--- Assignment ---
Only lines, not pictures: please repeat exactly the lines from the one with "97 best garden images on pinterest" through the end of the listing.

--- Raw data ---

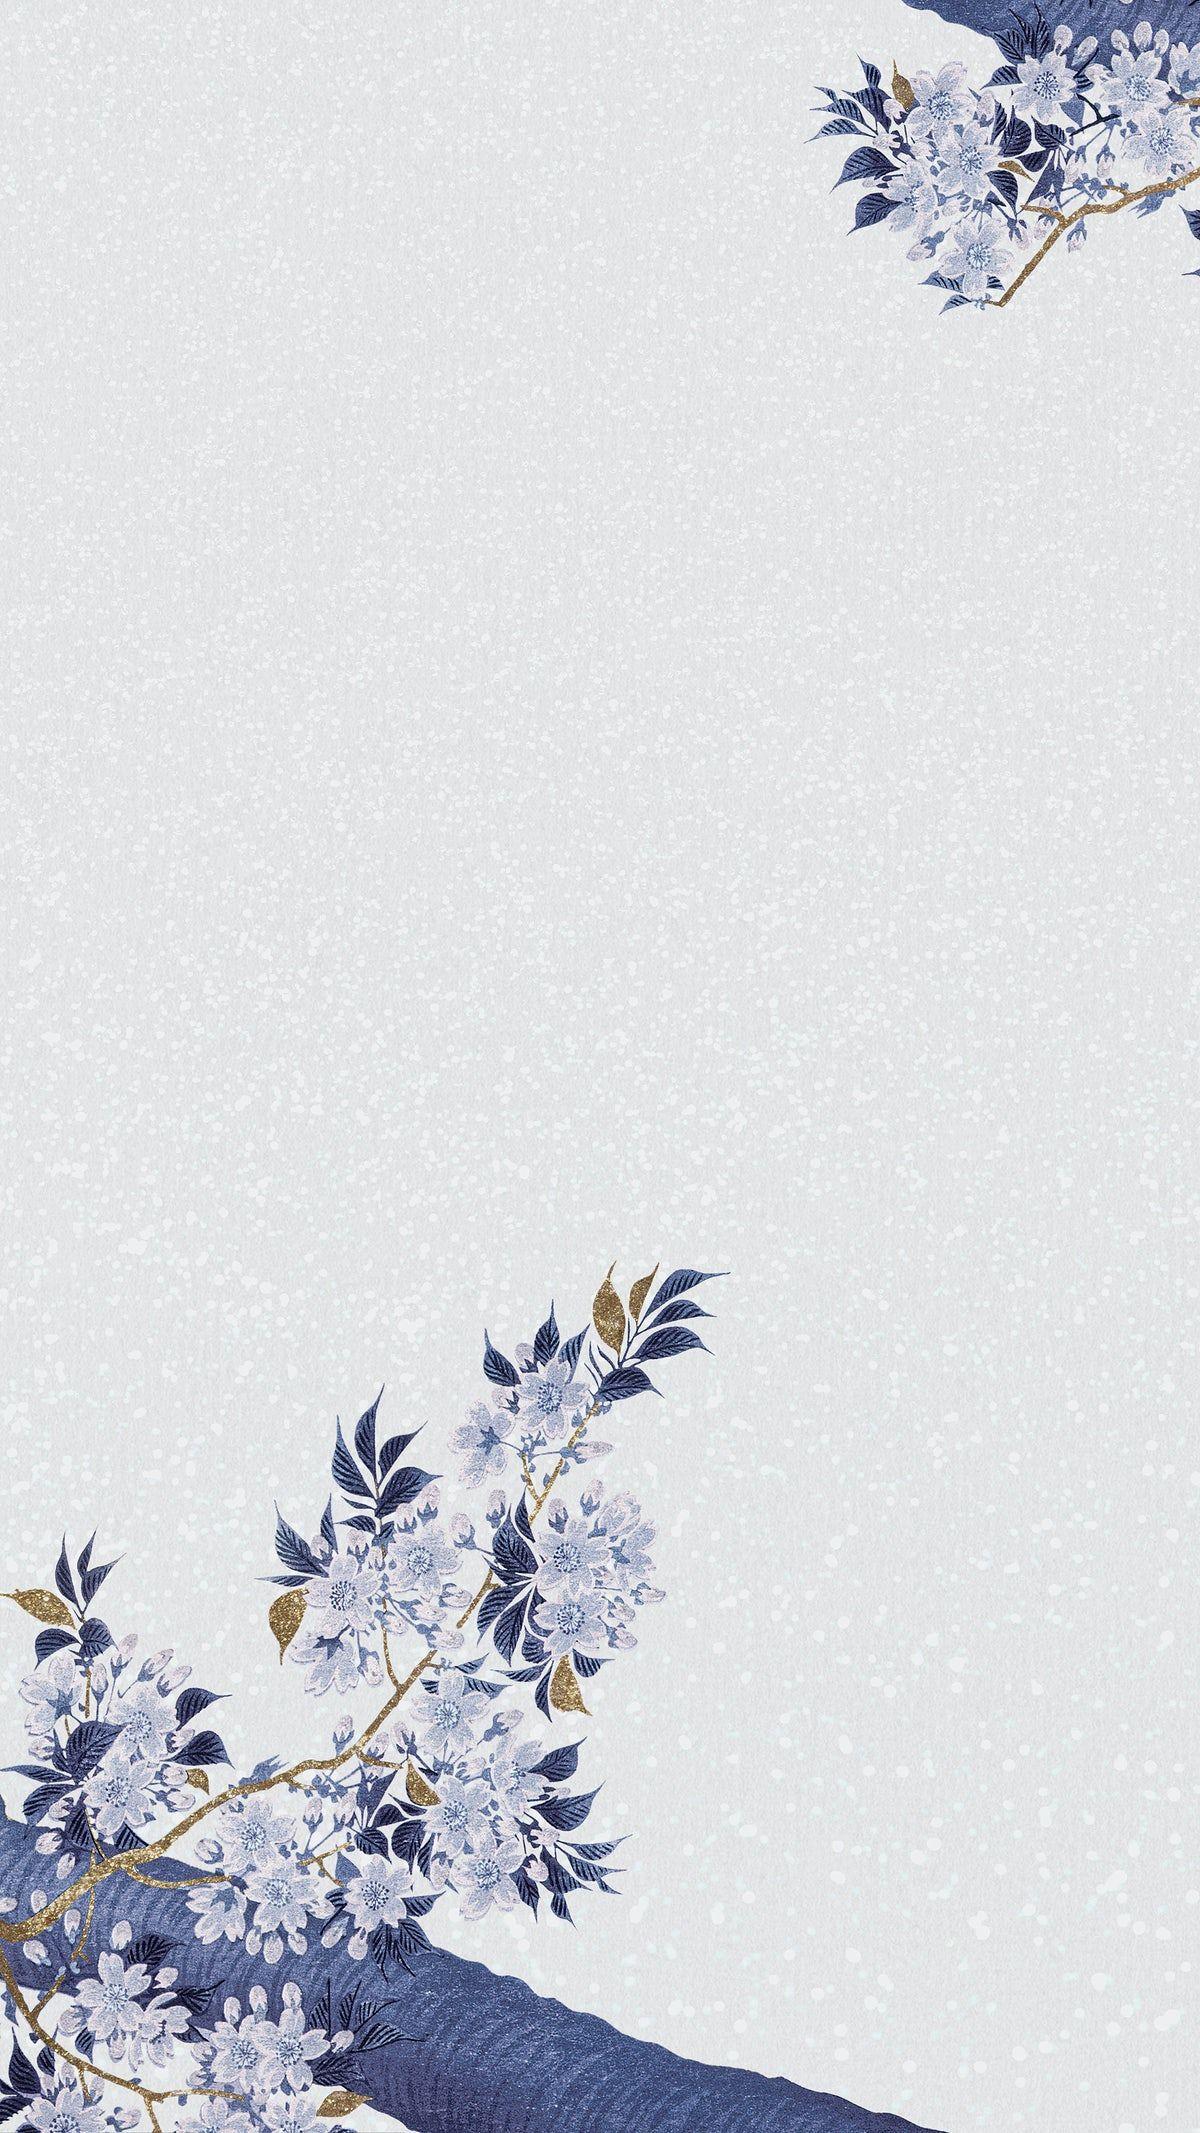 Download Premium Illustration Of Blue Cherry Blossom Branch Illustration Blue Cherry Cherry Blossom Wallpaper Cherry Blossom Branch
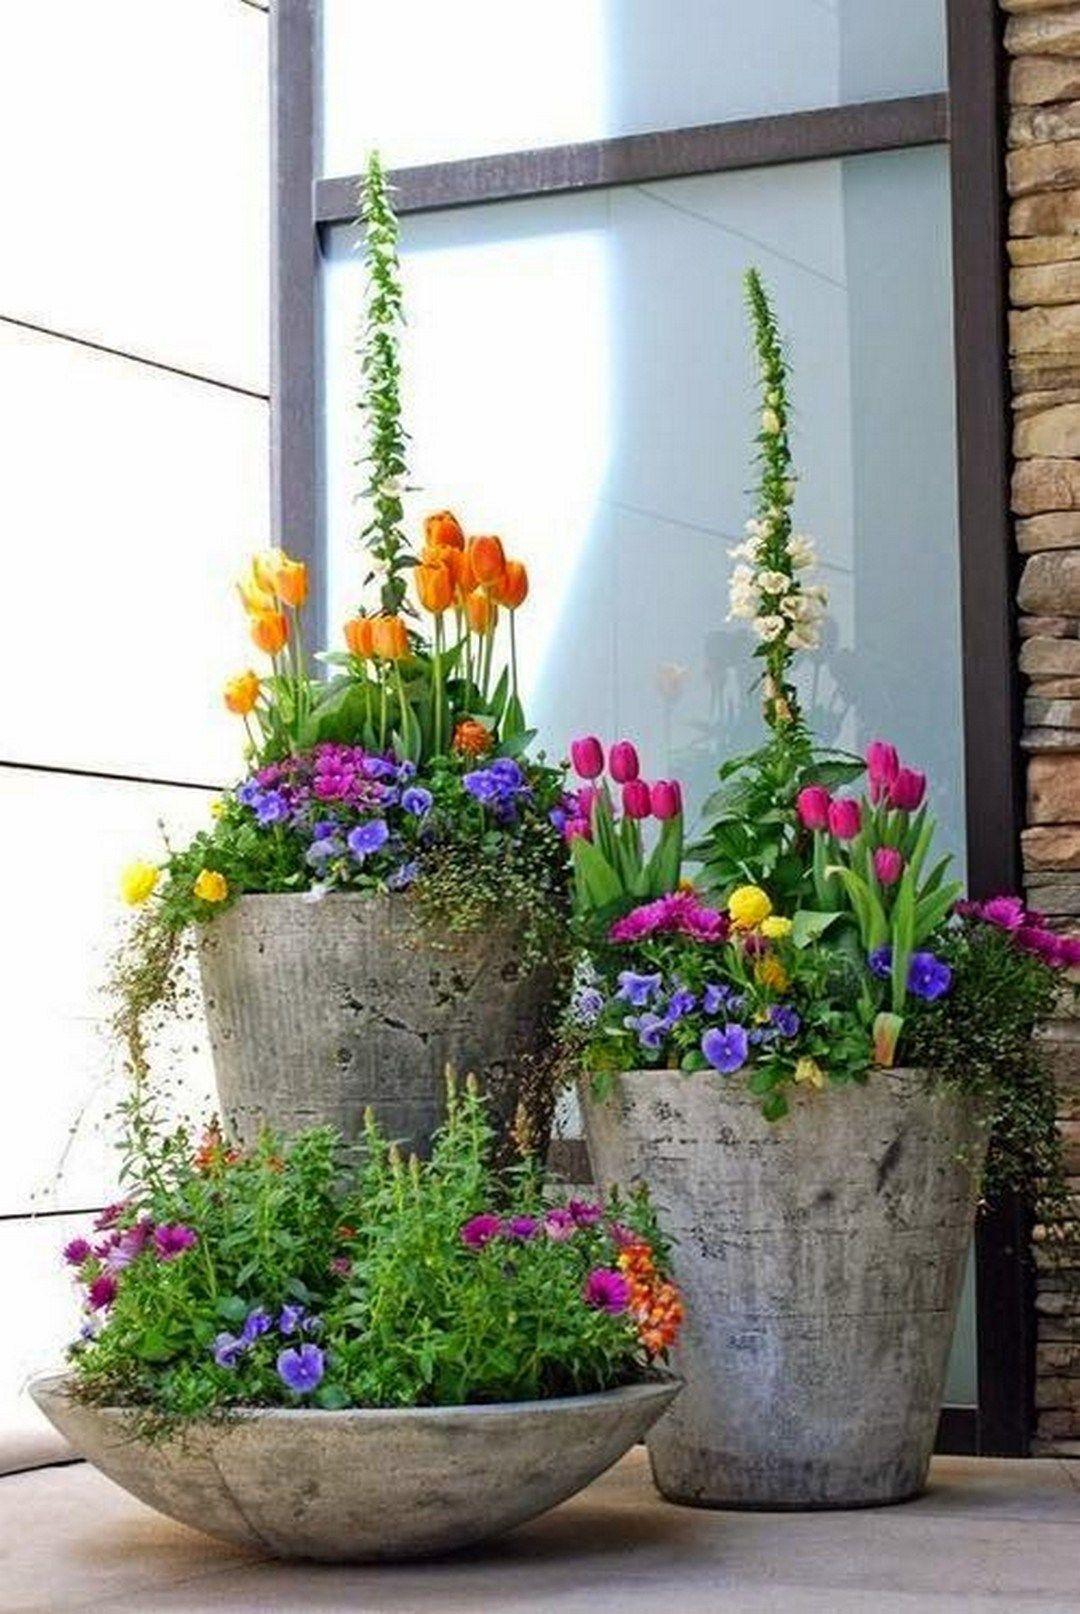 97 best garden images on pinterest
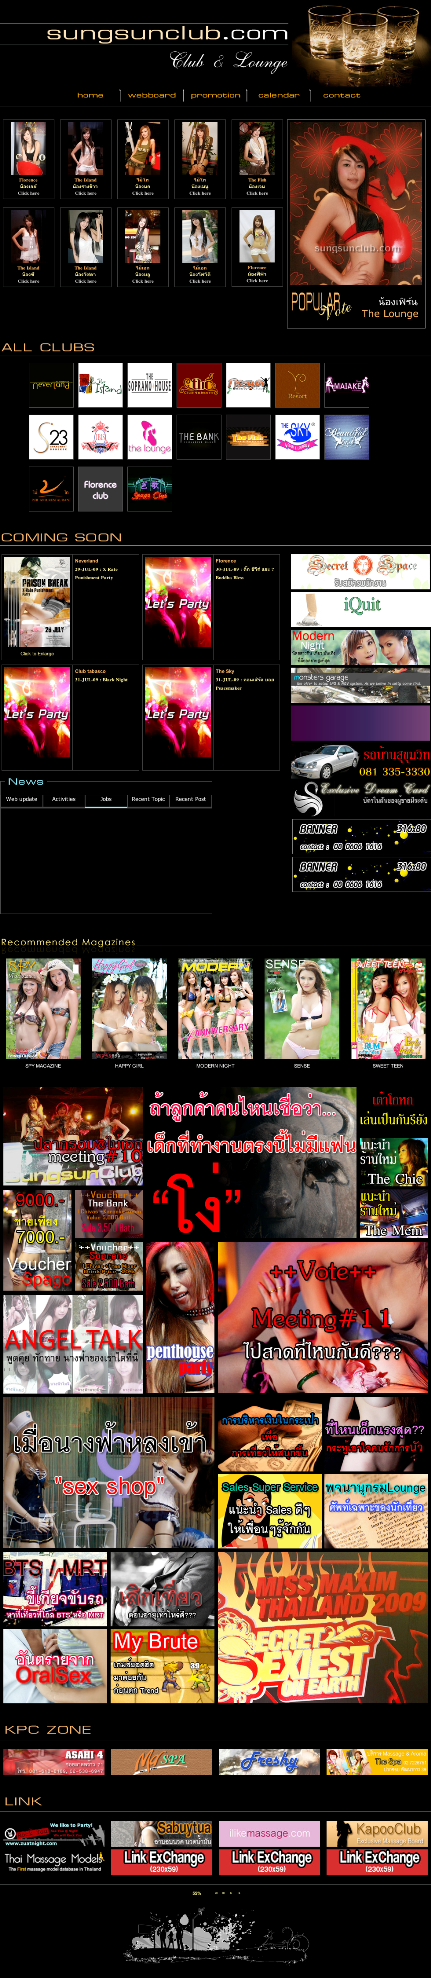 20090725_061811_wwwsungsunclubcom_p_980.png

--- The completed task ---
 97 best garden images on pinterest
 20090725_061811_wwwsungsunclubcom_p_980.png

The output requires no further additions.